Should vendors be pleased with those numbers, or should they report ONLY the number of certifications that are currently valid? From a marketing standpoint, it sounds good to say X-number of administrators are certified by your program — never mind if those administrators certified 15 years ago on a platform that has since lost support. From an administrator’s standpoint, however, it’s better to compete against those who have the same exact certifications as you and to stand out from those who have antiquated certifications.

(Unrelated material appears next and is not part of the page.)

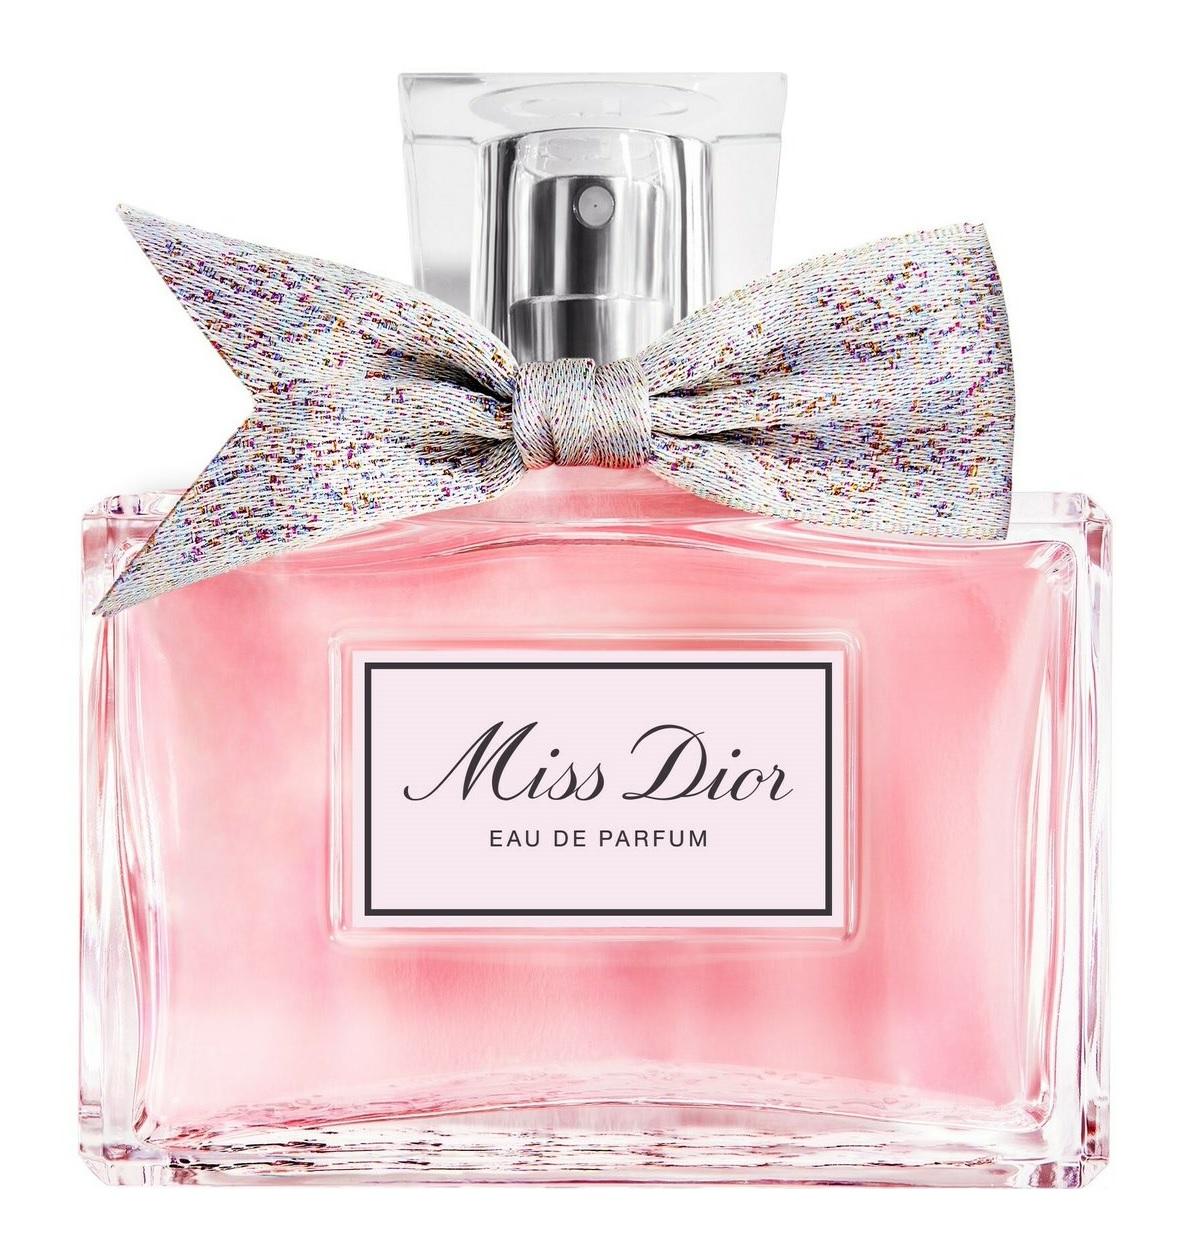 Botella Mis Dior Eau De Parfum 2021
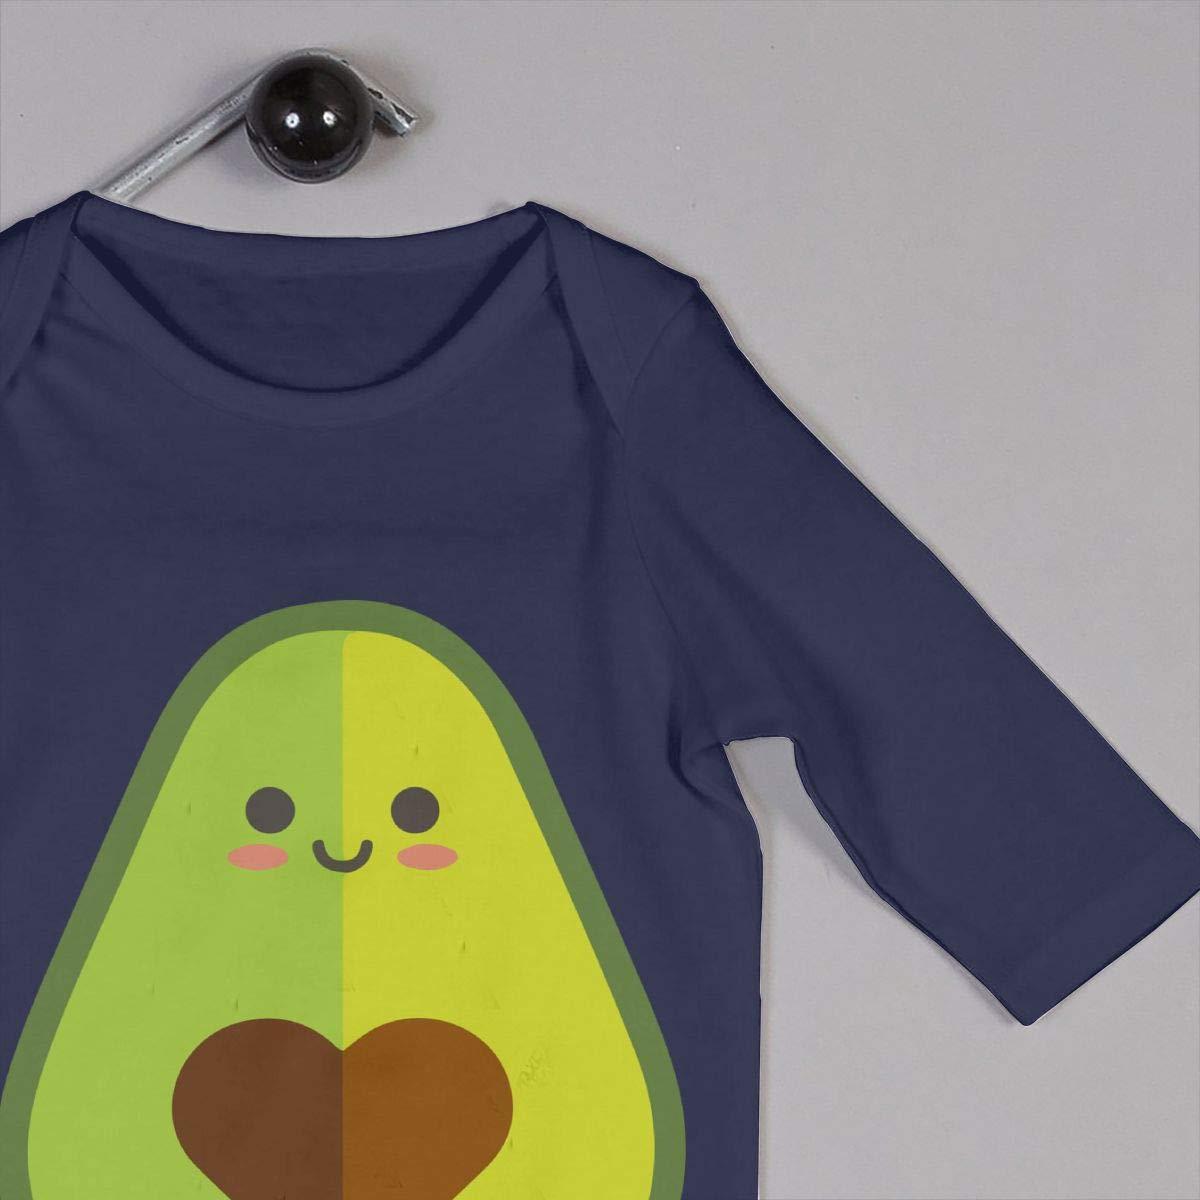 Db84UR@5p Infant Baby Girls Boys Long Sleeve Suit Little Avocado Lover Cotton Sleepwear

Arguably, creating new titles is one solution (we’re moving from “engineer” to “architect,” and I’m guessing “draftsman” isn’t too far down the road). By creating a new title, you immediately start with zero certification holders, and then only those with current skills will hold the title. One drawback to this approach, though, is generating enough market education — particularly among hiring managers — of the new certification.
I would think that a better solution is to simply strike from the record all old certifications. A Microsoft Certified Trainer (MCT) can’t be an MCT if their skills aren’t kept up-to-date, so why shouldn’t the same be true of all other certifications? This would require an expiration date to be affixed to ALL certifications, not just the ones which currently implement it.